Das nennt man volles Rohr. Etwas, einiges dezenter hält’s der «Blick». Er verbeisst sich in die Frage, wieso Horta-Osório behauptet, er habe «unwissentlich» gegen die Quarantäne verstossen. Schlussfolgerung: «Hätte er dabei zugeben, dass er wissentlich gegen die Quarantäne verstossen hatte, hätte er die Einleitung eines Enforcement-Verfahrens riskiert. Um seinen Kopf zu retten, blieb ihm gar nichts anderes übrig, als Nichtwissen als Grund für den Verstoss anzugeben.»
Kann man Horta-Osório zurücktreten?
Damit bezieht sich der «Blick» darauf, dass wir im Prinzip eine Überwachungsbehörde für den Finanzplatz haben. Allerdings hat die FINMA noch nie einen Grossen ernsthaft geärgert. Alle Schweinereien, die die CS bislang anstellte, hatten noch nie Sanktionen zur Folge, persönliche Konsequenzen. Obwohl die FINMA die sogenannte Gewähr entziehen kann, also die Lizenz zum Banking in höheren Kreisen. Und ohne diese Gewähr muss der Banker zurücktreten.

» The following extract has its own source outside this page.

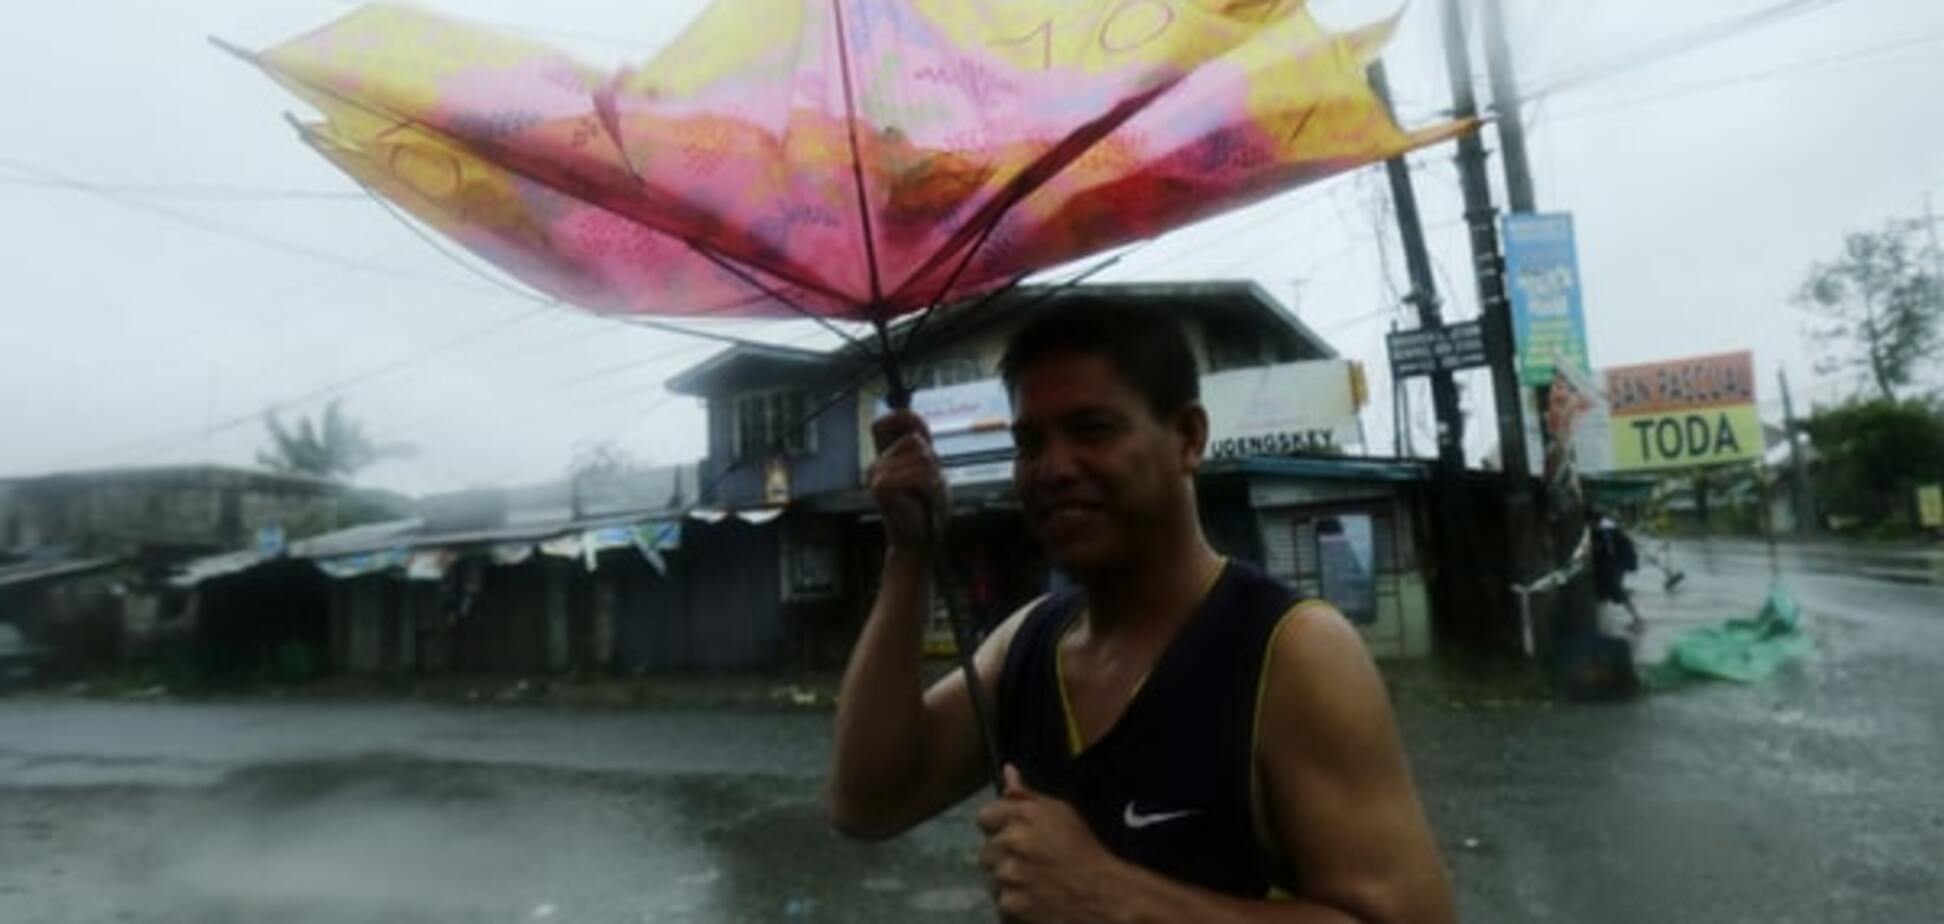 Тайфун на Філіппінах: зруйновані будинки, евакуйовані 10 тис. осіб - фото і відео стихії

Nun ist es aber mit dem Rücktritt so eine Sache. Während jedes Geschäftsleitungsmitglied vom Verwaltungsrat gefeuert werden kann, ist es bei seinen Mitgliedern schwieriger. Das entschied schon den Machtkampf zwischen Tidjane Thiam und Urs Rohner. Der konnte feuern, konnte aber nicht gefeuert werden.
Schöne Sammlung des «Blick».
Das kann bei einem VR nur das Gremium, das ihn gewählt hat. Also die Generalversammlung der Aktionäre. Das ist noch nie geschehen bei einer Grossbank, und es wäre auch äusserst unwahrscheinlich, dass eine ausserordentliche Versammlung mit einem Traktandum einberufen würde und dann erst noch eine Mehrheit für Abschuss zustande käme.

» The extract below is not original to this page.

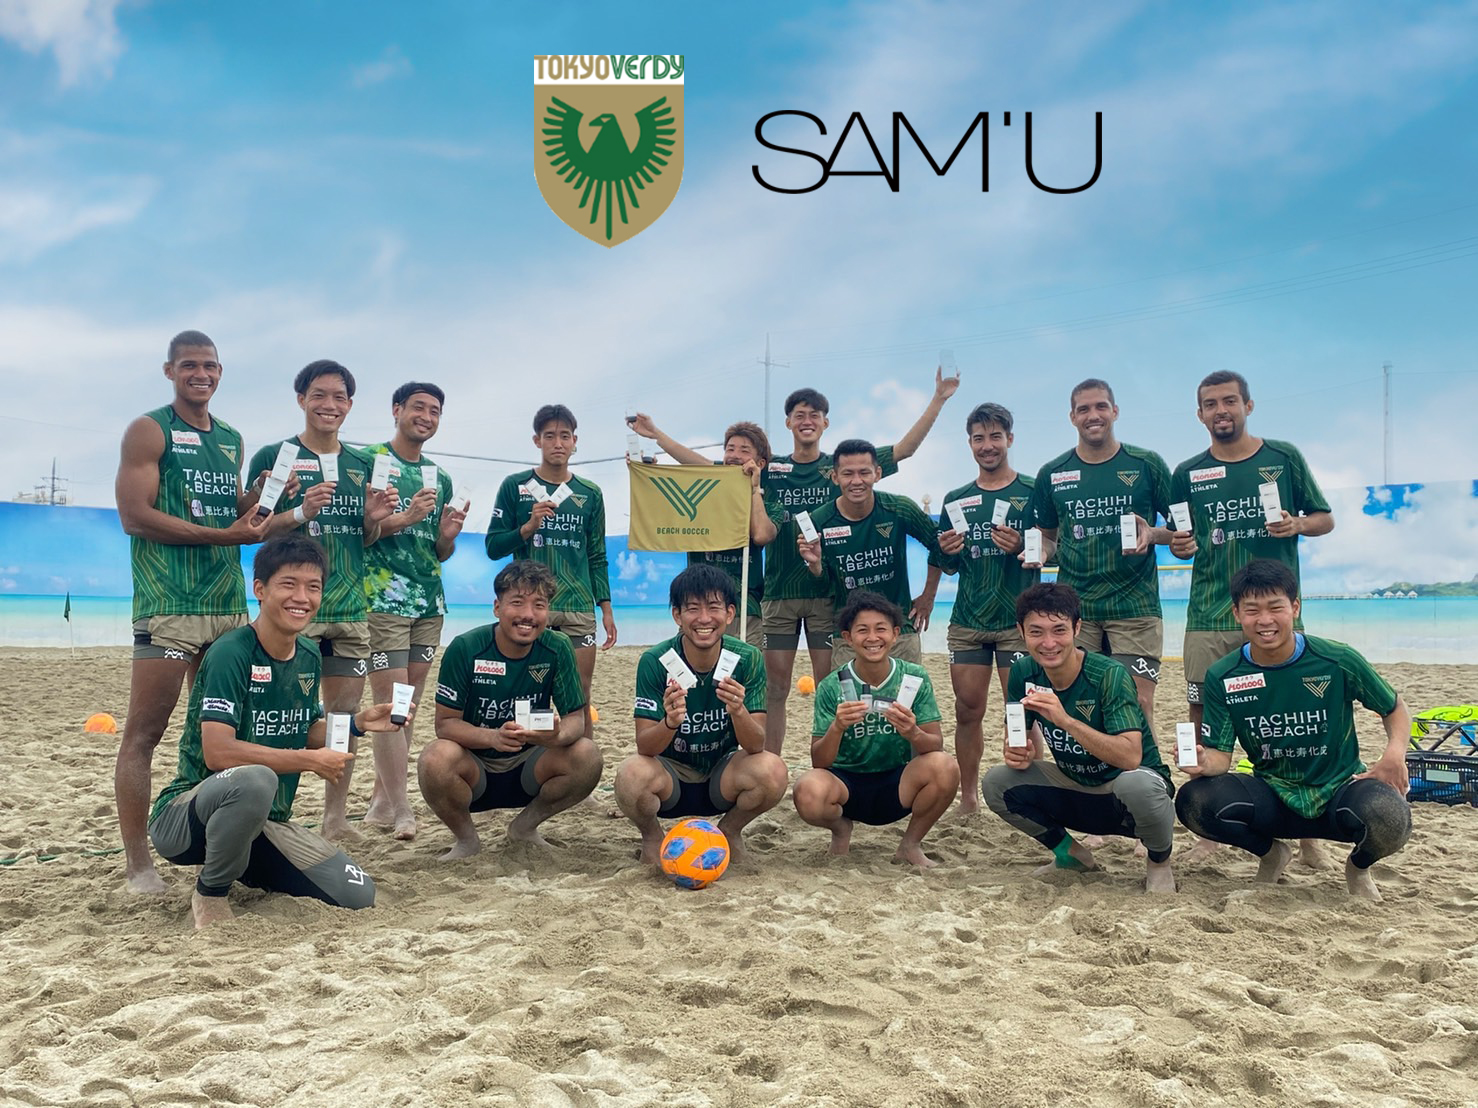 紫外線で酷使された肌をSAM’Uでうるおい補給。数々のベストコスメランキングを独占する〈SAM’U（サミュ）〉が、東京ヴェルディビーチサッカーチームとのオフィシャルサプライヤー契約締結。

Also befindet sich die CS in der ungemütlichen Lage, dass der VR seinen Präsidenten höchstens beknien kann, für das Ganze, für den Ruf, angesichts der Umstände, unter Verdankung der geleisteten Dienste («wir werden dann auch ausdrücklich unseren Respekt bekunden, gell António») – freiwillig zurückzutreten.
Rücktritt oder klammern: beides ist fatal
Auch das ist kitzlig. Denn ob Horta-Osório diesem Ansinnen folgen würde oder nicht: Was ist von einer Bank zu halten, in der ihr Präsident zum Rücktritt gedrängt wird? Oder was ist von einer Bank zu halten, deren Präsident sich an seinem Stuhl festklammert?
Da hat Hässig schon recht, er formuliert, was sich der «Blick» noch aufspart:
«Horta-Osório hat CS maximalen Schaden zugefügt.»
Man darf gespannt sein, ob spätestens der SoBli nachlegt. Der versemmelte ja seine Berichterstattung über den Ex-VRP von Raiffeisen. Da wäre Wiedergutmachung gefragt. Und natürlich hofft jeder der wenigen verbliebenen Chefredaktoren in der Schweiz darauf, den Blattschuss ansetzen zu können.
Ach, und wieso hat eigentlich der CS-Boss diese Dummheit begangen? Dafür muss man kein Diplompsychologe sein. Weil er’s kann. Weil er sich zu wichtig nimmt. Weil er annahm, dass das sowieso nicht rauskommt. Weil er den möglichen Schaden völlig falsch einschätzte.
Oder ganz einfach: weil er ein Banker ist.